Она сидит за его столом. Не особенно высокая. В темной неброской форме, похожей на форму штурмовика. И черной же шапочке. Руки свободно покоятся на крышке стола. Пистолет лежит рядом. Он был бы дураком, если бы этим не воспользовался.
В два прыжка равняется со столом. Подсечка. Удар, блок. Захват… Красивый выход. Двигается девка – просто загляденье. Он испытывает настоящий визуальный экстаз. И в какой-то момент даже похер становится, что она вообще-то по его душу явилась. Глухов, кажется, даже школу ее узнает, но этого быть не может. И потому снова удар, блок, выход. Как танец. В котором они, выкладываясь на все сто, потеют. Да и дыхание сбивается по чуть-чуть. У него быстрей, у него возраст. А девке сколько? Двадцать хоть есть? Когда ее завербовали? На что, гады, давили? И сколько ей было лет, чтобы успеть вот так натаскаться?
Столько вопросов. И ни одного ответа.
Герман бьет с эффектного разворота. Чертов костюм за пару штук баксов трещит по швам. Кто ж знал, что ему, как ребятам из охраны, надо брать на пару размеров больше, чтобы при случае удобней было махать конечностями? Девке в этом плане сподручней. Ее костюм вообще не сковывает движений. «Ну да, давай, Гера, оправдывай себя, старый хер. Да ты просто разжирел и расслабился. Поэтому и только поэтому все никак ее не уложишь. Нет, ну какая…» – проносится в голове у Глухова.
Он проводит очередной прием. Даже вскользь задевает противника. С головы которого слетает шапка. Заплетенные в косу волосы белые-белые. Как у альбиноски. А ресницы и брови на пару тонов темней, что создает довольно странный контраст.
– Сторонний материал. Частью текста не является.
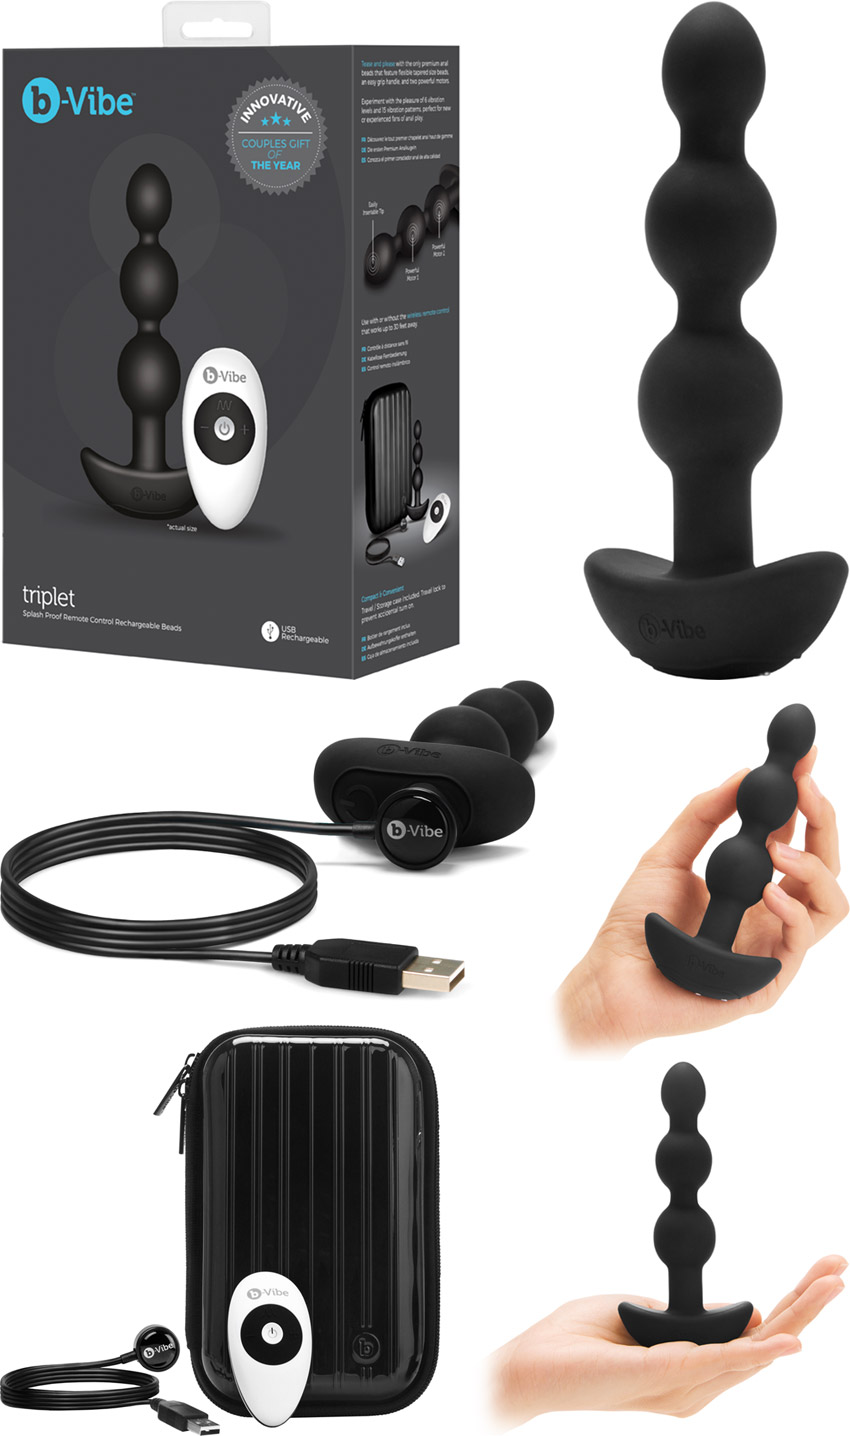 b-Vibe Triplet Remote controlled vibrating anal beads - Black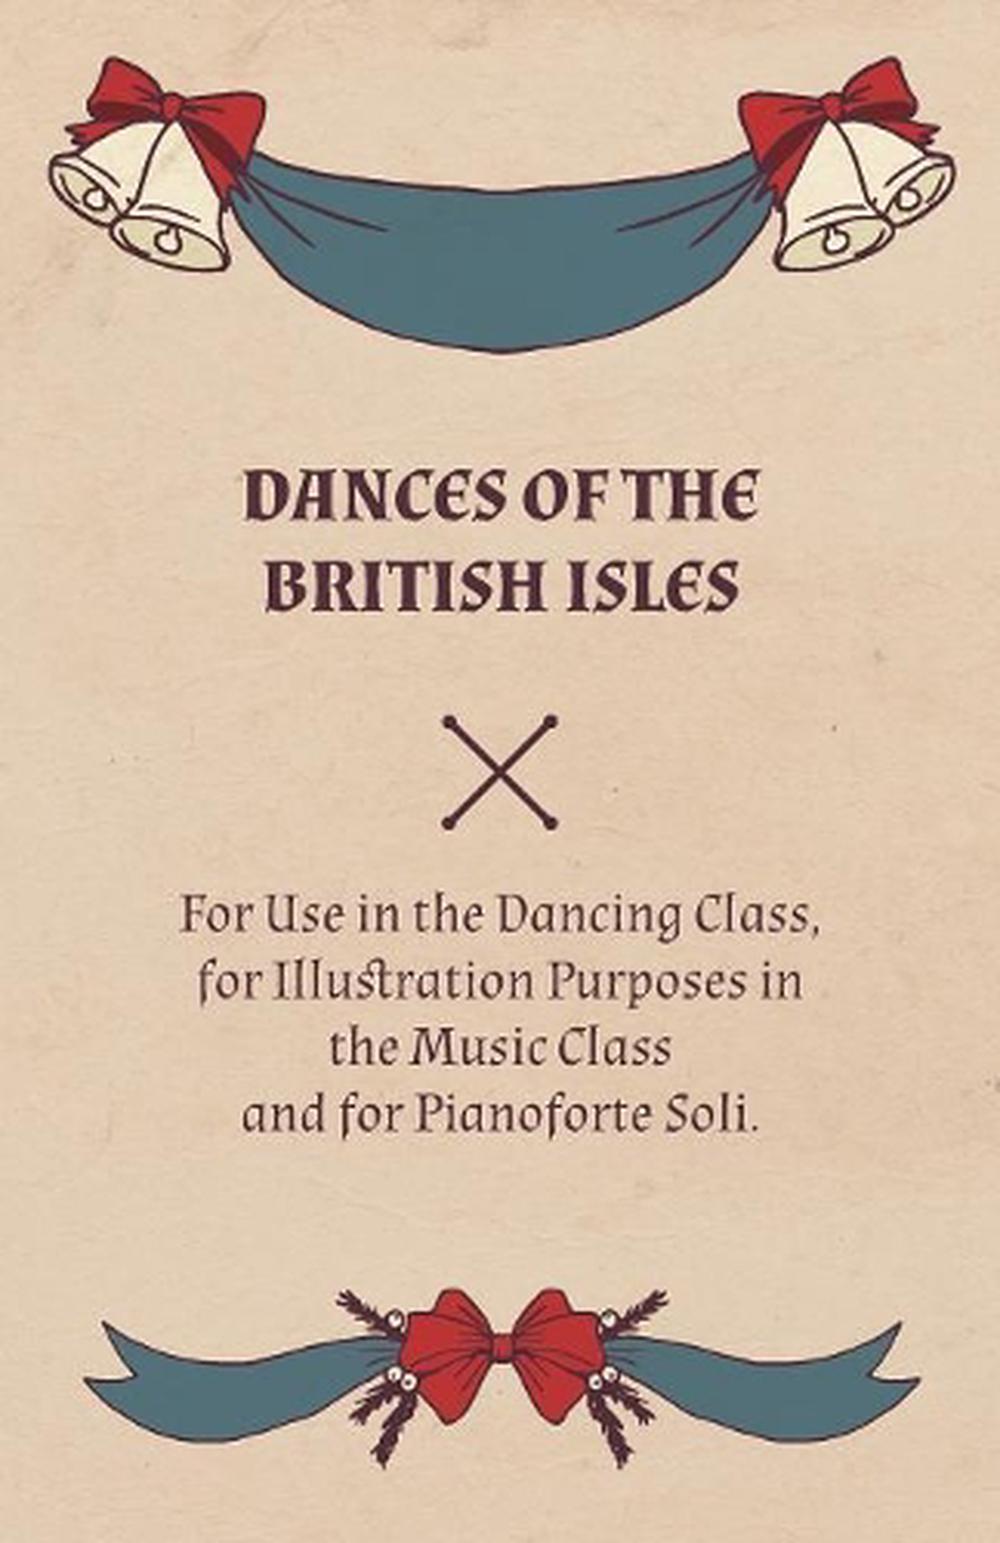 Dances of the British Isles - For Use in the Dancing Class, for Illustration Pur

Не успевает он ее как следует рассмотреть, как происходит две вещи сразу. Она отскакивает к стене, и в кабинет с пушками наперевес таки вваливается охрана. Приходит черед девицы сдаваться. Она поднимает руки над головой, точно как Герман несколькими минутами ранее.
– Поздно. Объект убит. Хреновая работа.
Глухов отмечает, что дыхалка у нее все же сбивается. И переводит взгляд на Михалыча – своего начбеза. Недоуменный поначалу, тот на глазах затапливается яростью и беспокойством. Михалыч подлетает к Герману, чтобы его осмотреть.
– Я в норме.
– Она могла использовать отравляющие вещества, – агрессивно парирует тот.
– Могла, но не использовала, – ровным, даже скучающим голосом замечает альбиноска. Михалыч, осознав, что по всем фронтам облажался, глядит на нее волком. – Надеюсь, теперь вы понимаете, что вашу команду нужно усилить?
Головы сразу всех охранников поворачиваются в сторону смертницы. Михалыч прищуривается:
– Точно, – кивает он. – Ты приходила к нам на отбор.
– Ага. Теперь-то я прошла конкурс? – в голосе девицы могла бы быть ирония, но ее нет.
– Хочешь сказать, все это лишь для того, чтобы устроиться на работу? – вклинивается в разговор Глухов, с трудом подавляя эмоции: недоверие и какое-то идиотское, совершенно ничем не оправданное веселье.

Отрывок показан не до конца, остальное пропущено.